Выбрать главу

О чем грустит Киссинджер

Эдвард Люс из Financial Times, взявший интервью у Генри Киссинджера, рассчитывал вытянуть из него подробности о состоявшемся Хельсинкском саммите Трамп-Путин. Киссинджер упорно уходил от вопросов на эту тему: к этом у времени на организаторов уже обрушился шквал критики, и от заявлений Трампа после саммита отмежевались в том числе и некоторые организаторы (в частности, Томас Грэм), а Гарри Казианис посетовал, что «Трамп делает все правильно, только слишком много говорит». Как писали в своем открытом письме Саймс и Бойд, Центр национальных интересов стал объектом шельмования также из-за того, что Киссинджер является его почетным председателем.

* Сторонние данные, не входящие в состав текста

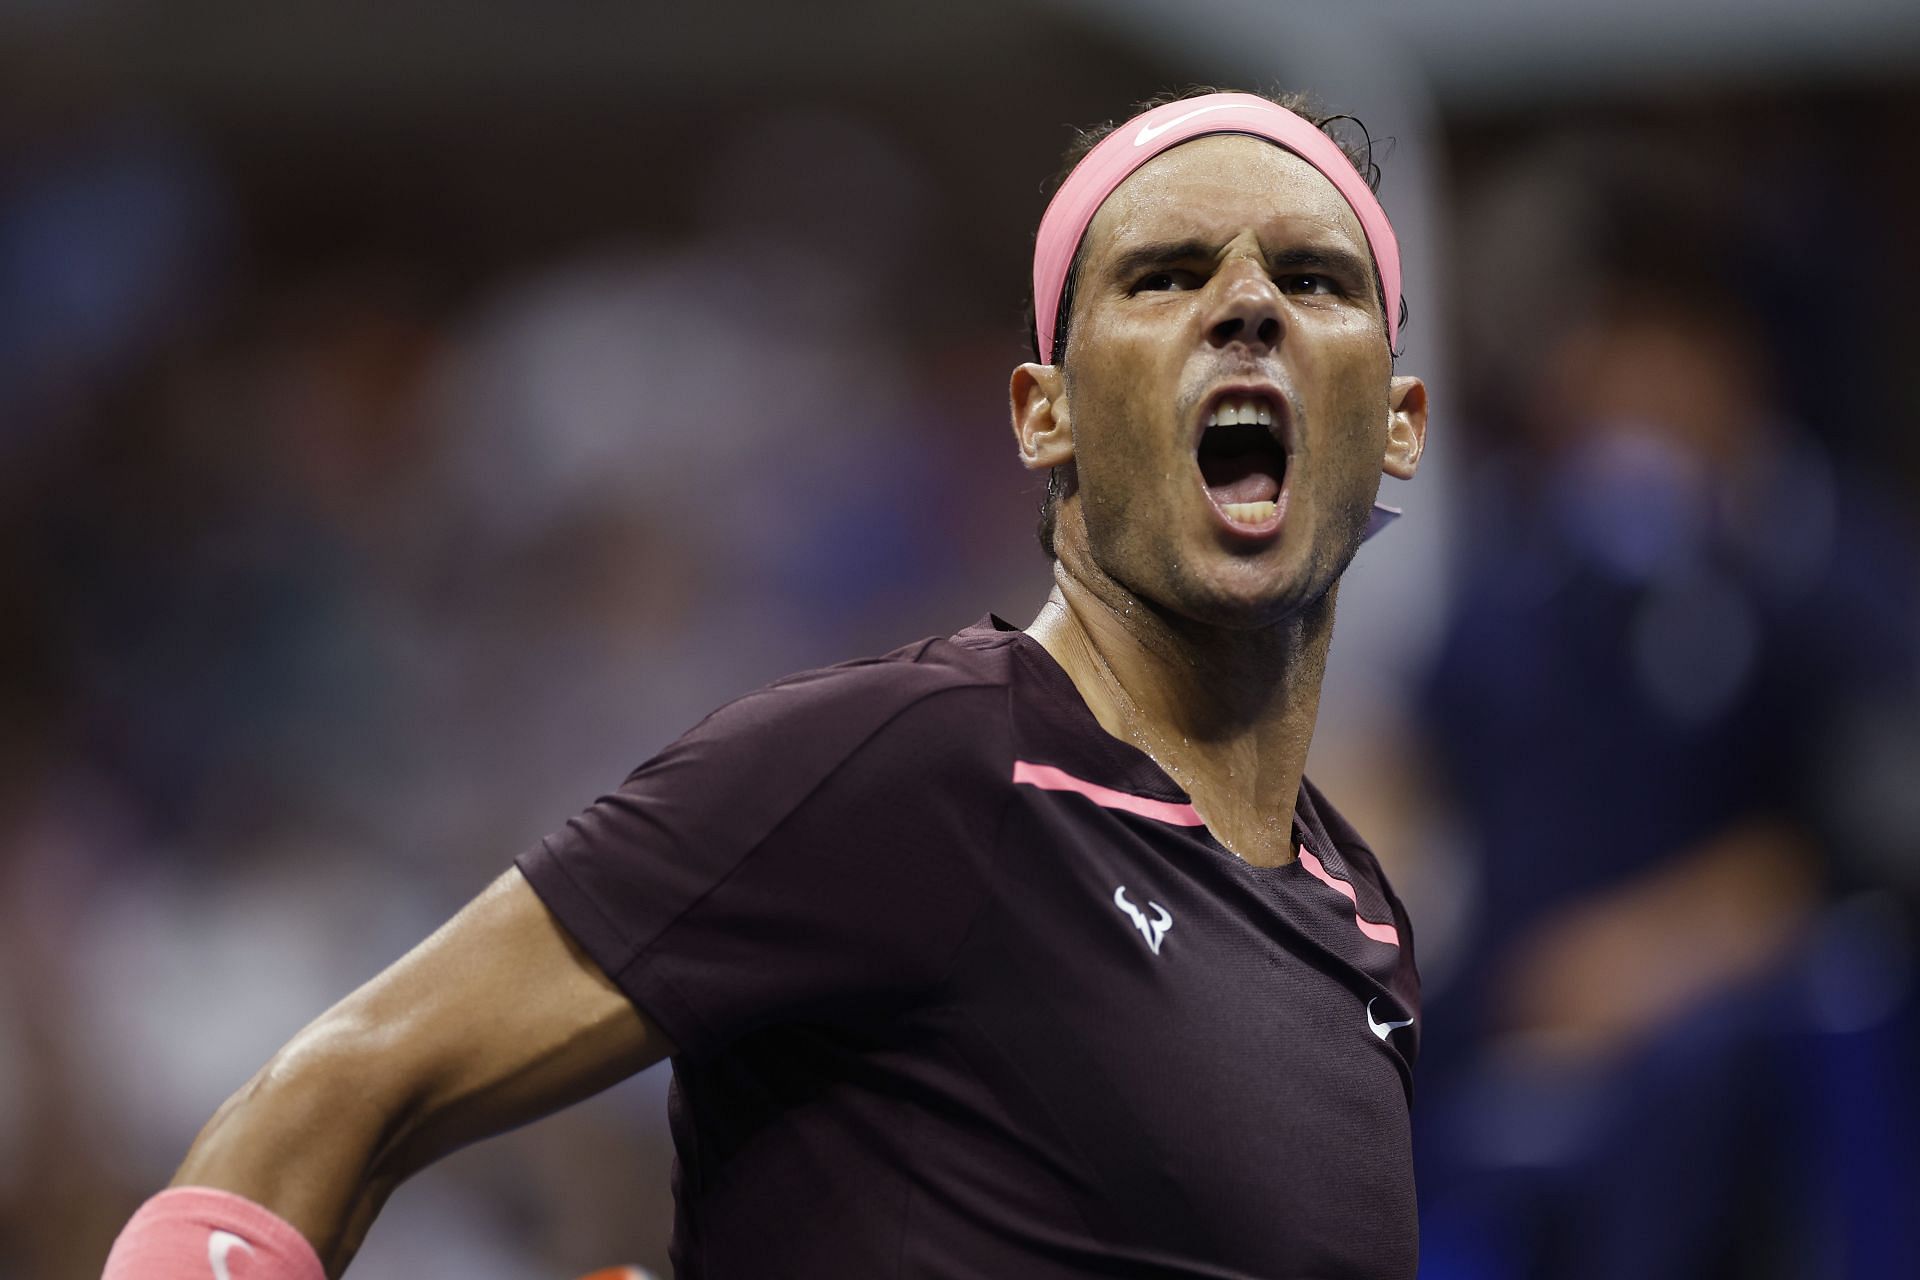 Rafael Nadal's next match Opponent, venue, live streaming, TV channel
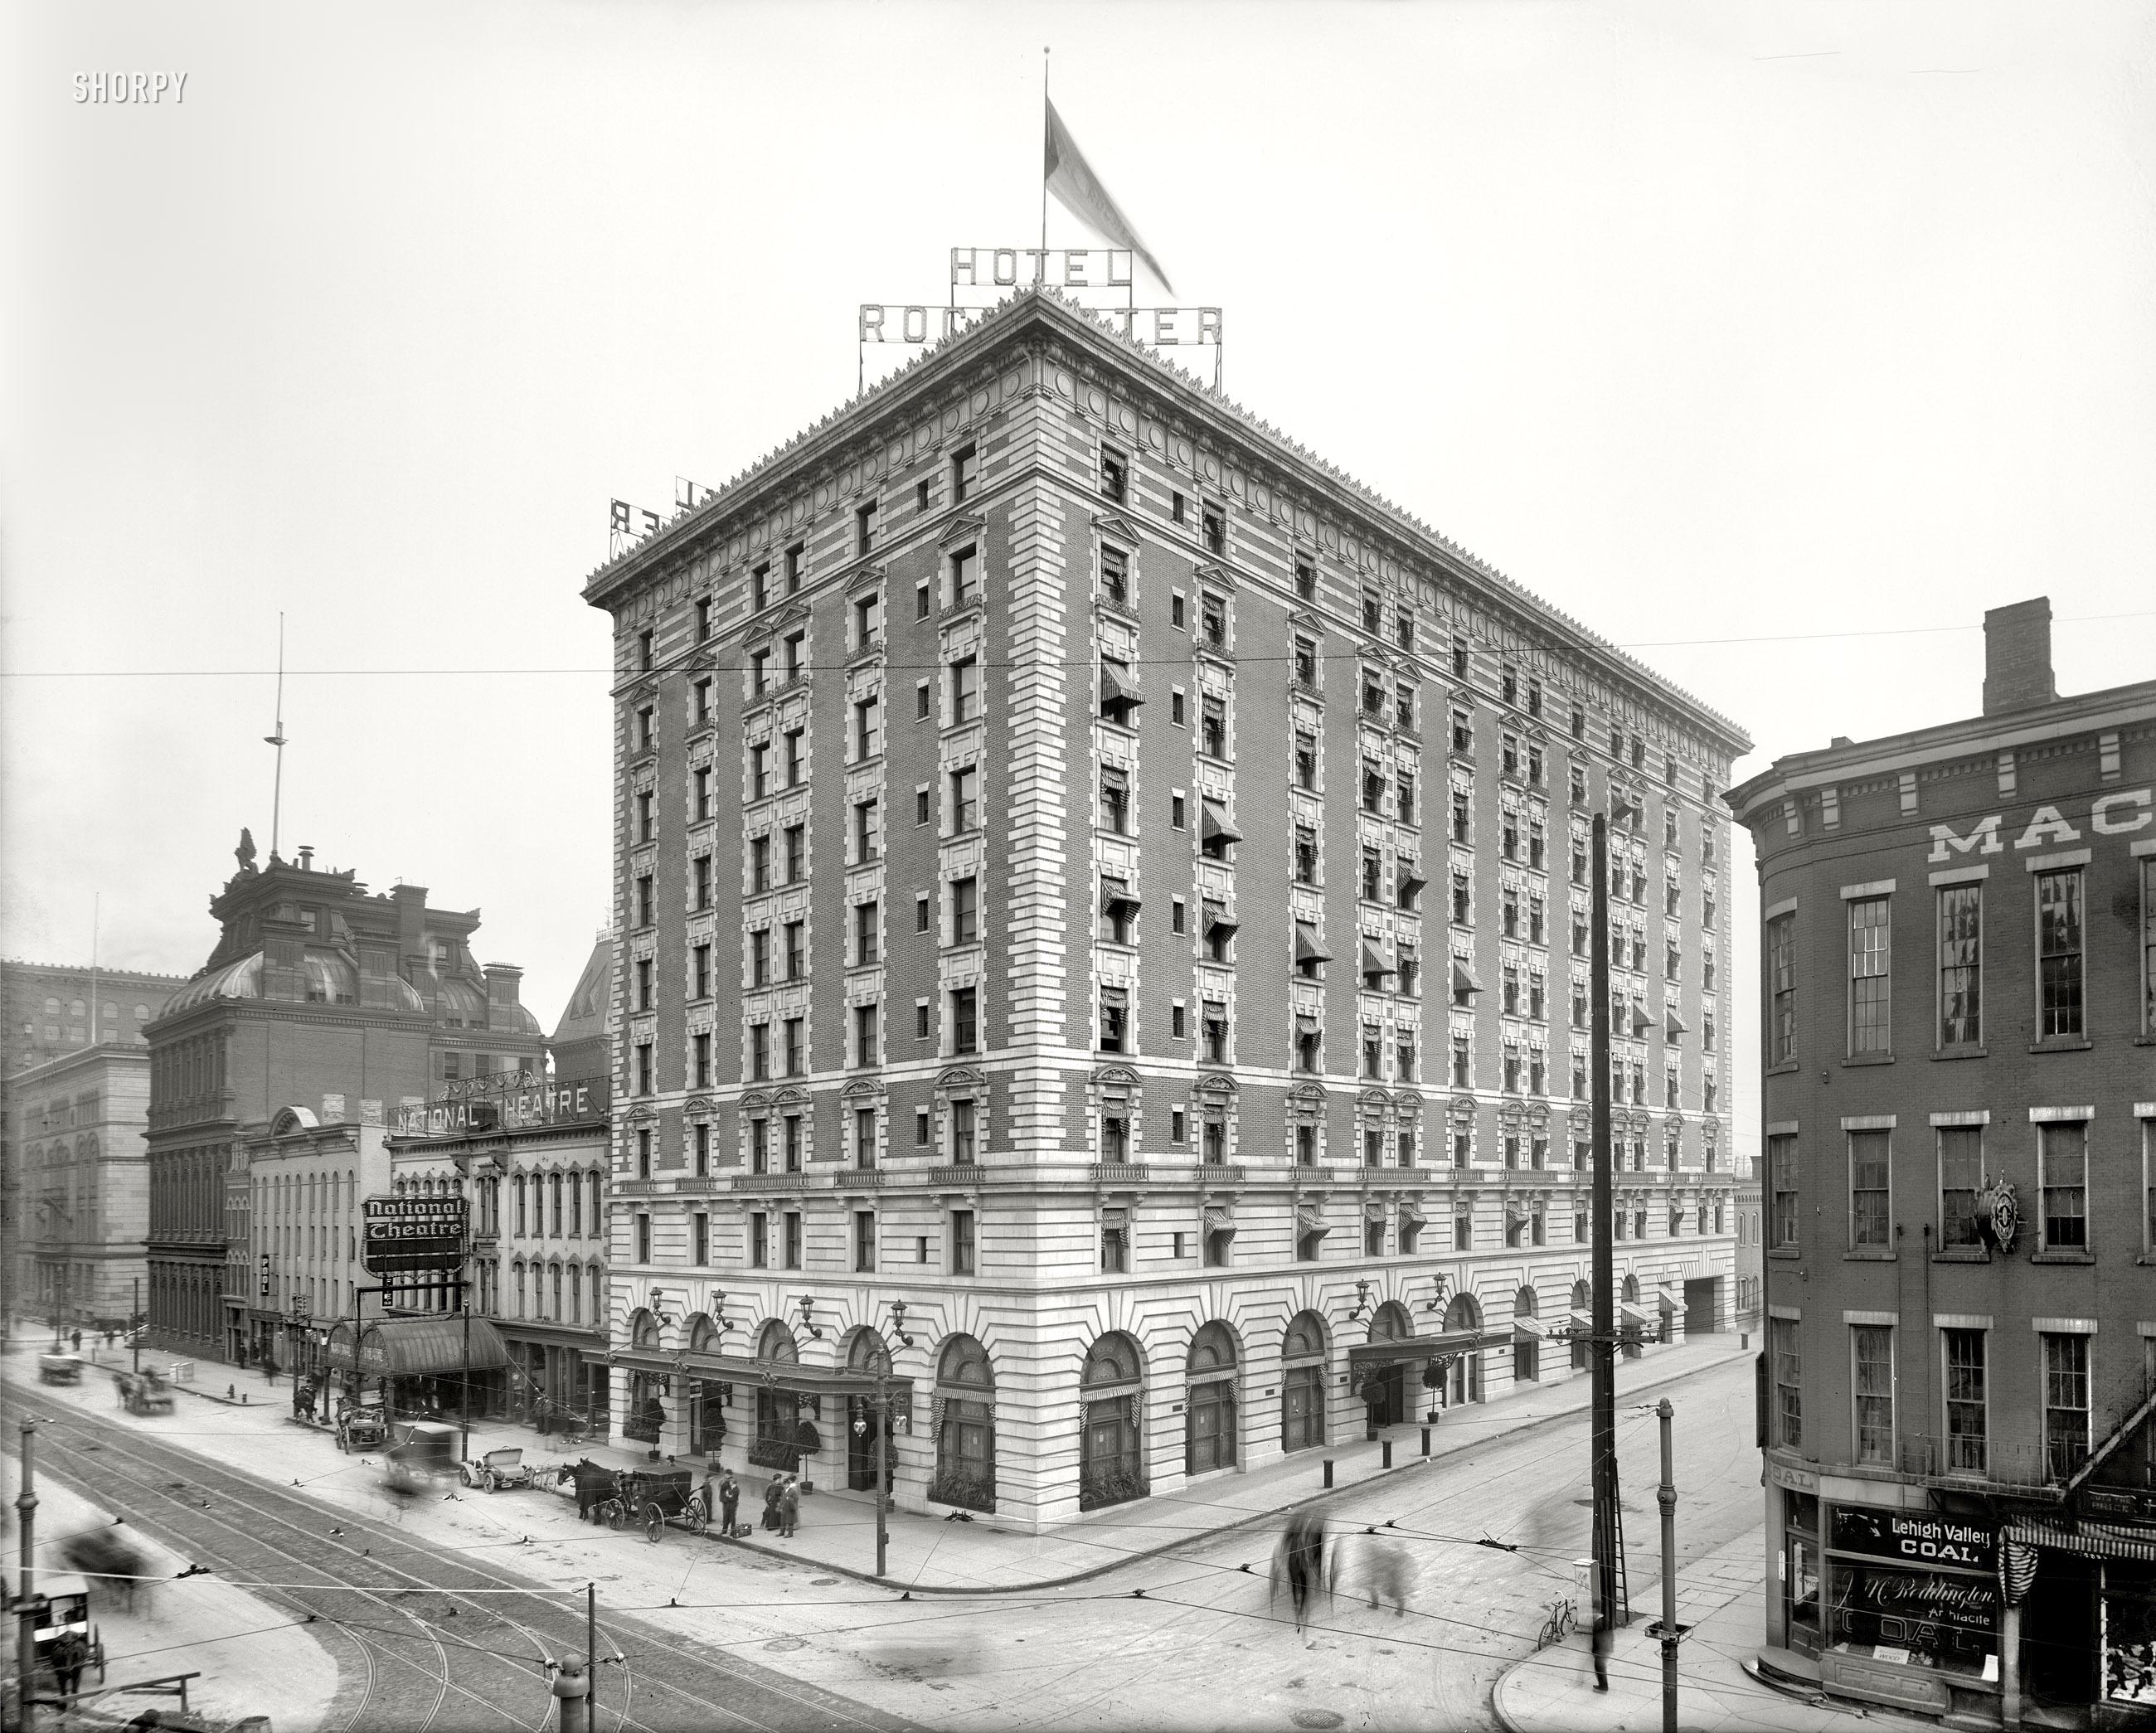 Rochester, New York, circa 1908. "Hotel Rochester, Main Street and Plymouth Avenue." 8x10 inch glass negative, Detroit Publishing Company. View full size.

В итоге расспросов Киссинджер сказал только, что попытки завязать ценностный диалог с Россией его разочаровывают, а Путина назвал последователем Достоевского. О Трампе было сказано хуже: «Трамп – один из тех людей, которые время от времени появляются в истории, чтобы выразить собой конец эпохи и заставить нас отказаться от ее устаревших представлений. Это не значит, что он сам сознаёт свою роль и представляет собой какую-то рациональную альтернативу. Просто так сложились обстоятельства» – то есть Киссинджер свел роль Трампа к роли всего лишь «агента перемен», но не архитектора нового миропорядка, который «уляжется много позже».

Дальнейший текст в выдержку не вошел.